MARX E KARDEC
(II de II)
Para Kardec, o fenómeno social tem as suas bases no fenómeno
espiritual: não existe separação entre essas duas realidades; pelo
contrário, o conflito da luta de classes se desdobra, penetrando desse
modo nas realidades do mundo invisível. De maneira que o homem kardecista é
um Ser que relaciona, mediante o perispírito,
instrumento psíquico que não possui o homem de Marx, o mundo
corporal com o mundo espiritual e moral. O perispírito é o elo perdido,
que relacionará subsequentemente os modos de produção com os
modos de evolução, isto é, a luta de classes com
as classes em luta. Porque a evolução do espírito,
para ser equilibrada e harmónica, tem necessidade de meios e formas económicas
justas e equitativas, já que a sua própria palingenesia fará que o
instrumento social seja empregado novamente pelo mesmo Ser, através do seu
incessante avançar espiritual. Com razões de sobra dizia Kardec:
“Risquem-se das leis e das instituições, das religiões e da educação, os
últimos restos da barbárie e os privilégios; destruam-se por completo
todas as causas que dão vida e desenvolvimento a estes eternos obstáculos do
verdadeiro progresso e que, por assim dizer, aspiramos por todos os
poros na atmosfera social e, então os homens compreenderão os deveres e
benefícios da fraternidade e, a liberdade e a igualdade se estabelecerão por si
mesmas de qualquer forma. (i)
As palingenesias individuais e sociais são, para o homem
kardecista, o resultado dos factos sociológicos determinados pelo
Espírito, através de sua incessante evolução. Para Kardec, ao contrário de
Marx, o progresso é uma sucessão de factos morais e sociais, determinados
pelas relações entre o elemento espiritual e o material. A nova sociedade,
segundo o codificador da doutrina espírita, será determinada pelo modo de vida
espiritual alcançado pelos homens. Corpo e Espírito, isto é, Sociedade e Alma,
deverão desenvolver-se harmonicamente; deste modo, com o homem kardecista, a
transformação social será integral: compreenderá o aspecto material e
espiritual. Ao contrário, a evolução socialista de Marx só modificará uma parte
da realidade: afectará unicamente o sistema económico da sociedade,
deixando o Espírito do homem tal como estava no regime chamado capitalista.

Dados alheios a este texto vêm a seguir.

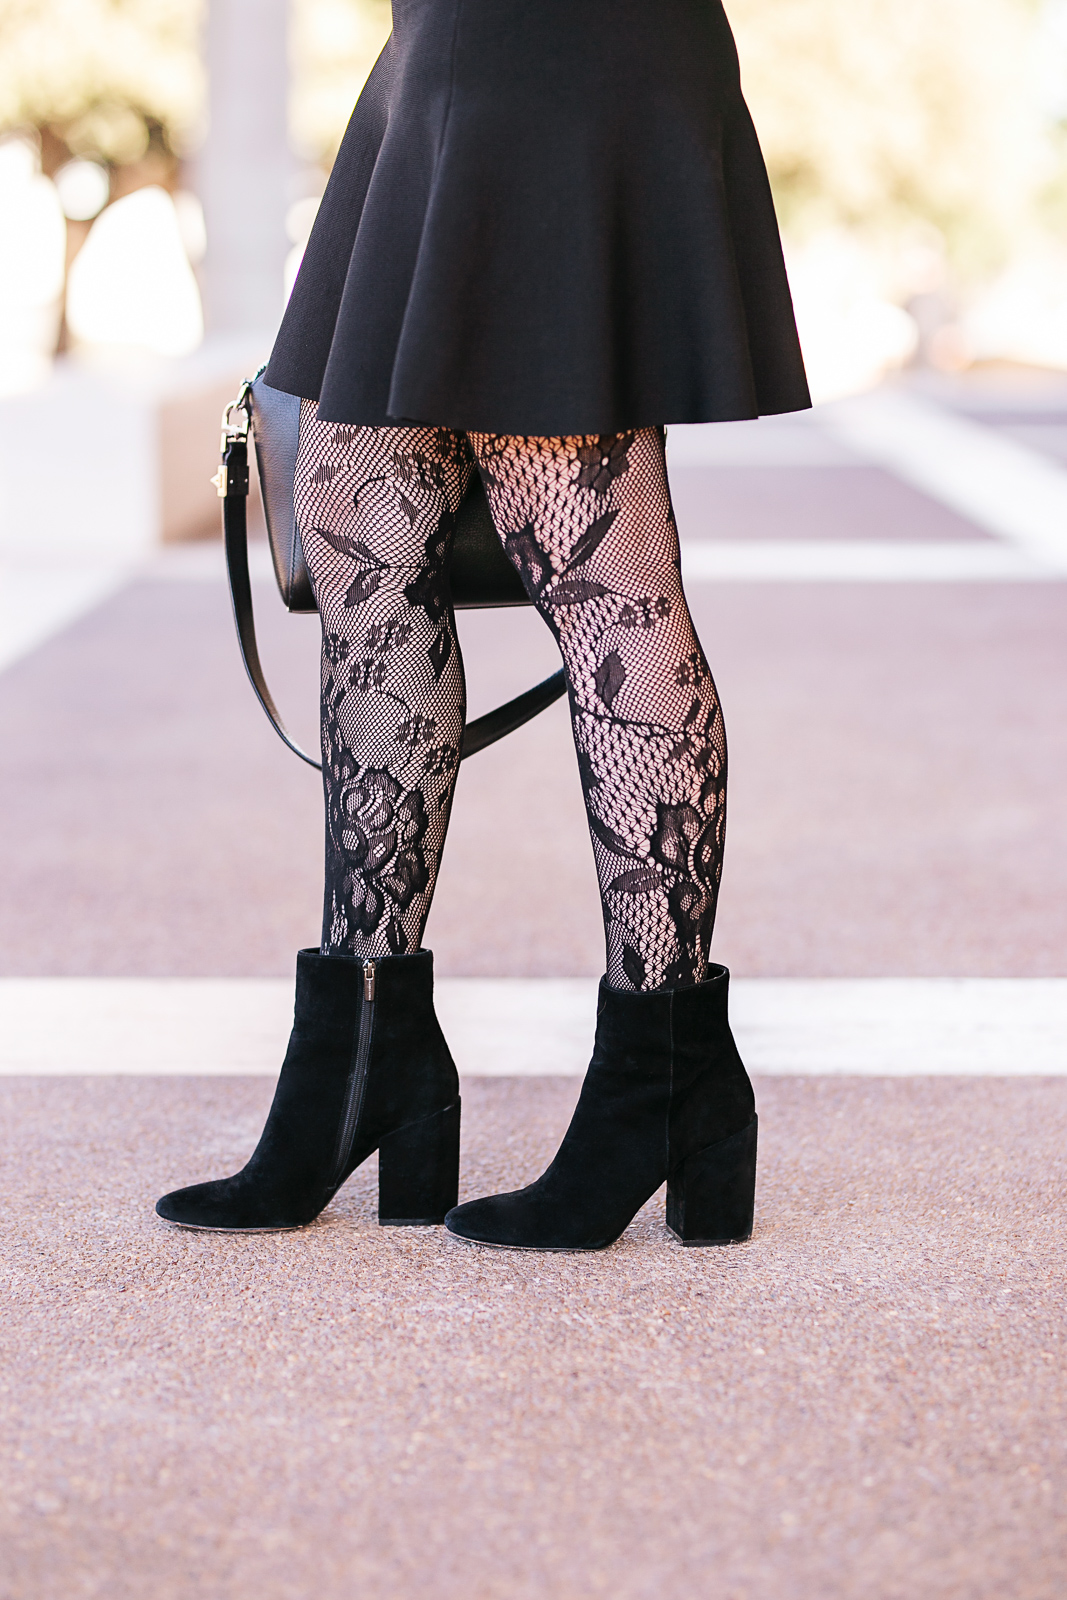 The 25 Best Patterned Tights and How to Wear Them

Se a imagem do homem kardecista se reflecte nas profundezas
do mundo espiritual, isso nos indica que ele não verá apenas uma vez os
alcances e resultados do processo social, mas que passará muitas vezes
através desse processo, razão pela qual deverá trabalhar insistentemente em
prol de melhores sistemas sociais. O sistema socialista, segundo a ideia do
homem kardecista, será revivido e reencontrado pelos mártires do socialismo,
porque o Ser que a filosofia espírita nos apresenta é uma entidade eterna, que
vai e vem no curso e recurso palingenésico da história, sem
jamais fenecer.
O homem, para Kardec, é um espírito encarnado, que
reconhecerá o seu passado histórico, à medida que ilumine a sua visão e
intuição espirituais. É por isso que, com a doutrina social espírita, podemos
falar de um homem-que-reencontra-a-história, isto é, de um
homem que construirá um mundo melhor para reencontrar-se a si
mesmo, segundo tenham sido os seus actos para construí-lo e
edificá-lo. A nova sociedade do futuro, segundo o homem
kardecista, se emancipará do regime social baseado na propriedade
individual, porque o estado de evolução espiritual alcançado pelo
Ser o obrigará a aperfeiçoar-se, segundo o princípio espírita da
lei de igualdade. E este estado de evolução fará que os homens
percebam o mundo e os bens económicos unicamente como objectos de
encarnação.
Em resumo, podemos afirmar que a comunidade
socialista não é o resultado de um sistema imposto por um processo político,
mas uma realidade social dependente da evolução avançada do homem; é,
pois, o fruto do progresso, tanto externo como interno, da humanidade. Por
isso, Kardec dizia que os sistemas sociais variam com a evolução dos
espíritos; sustentar, portanto, um regime social que esteja em luta com a
evolução espiritual, é colocar-se em oposição à própria lei de progresso. A esse
respeito, escreveu Kardec: “A aspiração do homem para uma ordem
de coisas melhor que a actual é um indício certo da
possibilidade de que chegará a ela. Cabe, pois,
aos homens amantes do progresso, activar este movimento pelo estudo
e a prática dos meios que se julguem mais eficazes.” (ii)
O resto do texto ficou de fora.